За лето 1831 года он так быстро и внезапно повзрослел, что, видимо, без особого труда освободился от полудетского самолюбивого желания: всегда и всюду быть в первых учениках, дабы порадовать близких отличными успехами и отменным прилежанием. К тому же и в его личной жизни, в которой так долго не случалось ничего действительно значительного, произошли два события.

1 октября 1831 года в своем сельце Кропотово скончался Ю.П.Лермонтов. Умер, не успев проститься с сыном. Михаил Юрьевич едва успел на похороны.

Ужасная судьба отца и сына

Жить розно и в разлуке умереть.

При жизни отца вопрос о вине вставал лишь по отношению к отцу. Не стало его, и сын понял, что не только отец виновен перед ним, но и он – перед отцом. Пришел его черед молить о прощении и даже оправдываться:

…Я ль виновен в том,

Что люди угасить в душе моей хотели

Огонь божественный, от самой колыбели

Горевший в ней…

Разлуку с тем, кто «дал ему жизнь», Лермонтов всегда переносил болезненно, хотя старался не показывать этого. Ведь еще с отроческих лет его девизом стало: «Страдать без всяких признаков страданья». Но, видимо, лишь после 1 октября 1831 года он смог посмотреть на семейную драму не со своей, а с отцовской стороны. С этой точки зрения отказ от сына ради блага сына выглядел не расчетом разума, а подвигом самопожертвования. Высшим проявлением человеческого духа.
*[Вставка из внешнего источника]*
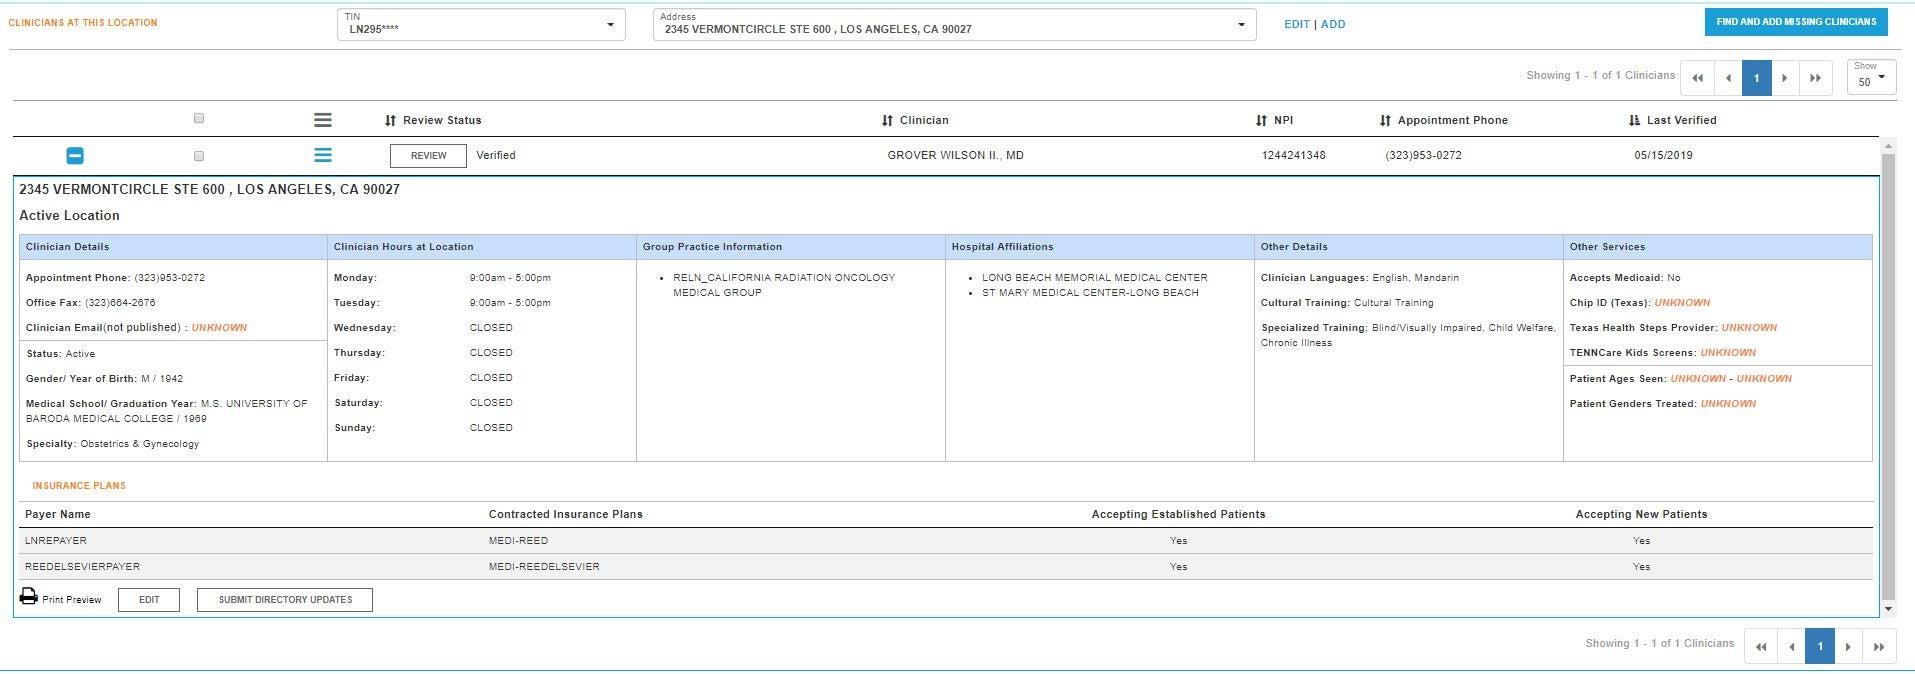 VerifyHCP® | LexisNexis Risk Solutions

Но ты свершил свой подвиг, мой отец…

Вторым событием переломного 1831 года была любовь. Влюблялся Лермонтов и раньше. В Катеньку Сушкову. В Натали Иванову. Но то, что произошло с ним в год первого взрослого горя, не походило на прежние увлечения. Аким Шан-Гирей вспоминает:

«Будучи студентом, он был страстно влюблен… в молоденькую, милую, умную, как день, и в полном смысле восхитительную В.А.Лопухину; это была натура пылкая, восторженная, поэтическая и в высшей степени симпатичная. Как теперь, помню ее ласковый взгляд и светлую улыбку; ей было лет 15–16; мы же были дети (Аким Шан-Гирей четырьмя годами моложе Лермонтова. – А.М.) и сильно дразнили ее; у ней на лбу чернелось маленькое родимое пятнышко, и мы всегда приставали к ней, повторяя: “У Вареньки родинка, Варенька уродинка”, но она, добрейшее создание, никогда не сердилась…»

Лермонтов несколько раз рисовал свою «мадонну», и все-таки из всех ее портретов самыми выразительными оказались словесные. Первый – в драме «Два брата»:

«…Ее характер мне нравился: в нем я видел какую-то пылкость, твердость и благородство, редко заметные в наших женщинах… что-то первобытное, допотопное, что-то увлекающее… я был увлечен этой девушкой, я был околдован ею; вокруг нее был какой-то волшебный очерк; вступив за его границу, я уже не принадлежал себе».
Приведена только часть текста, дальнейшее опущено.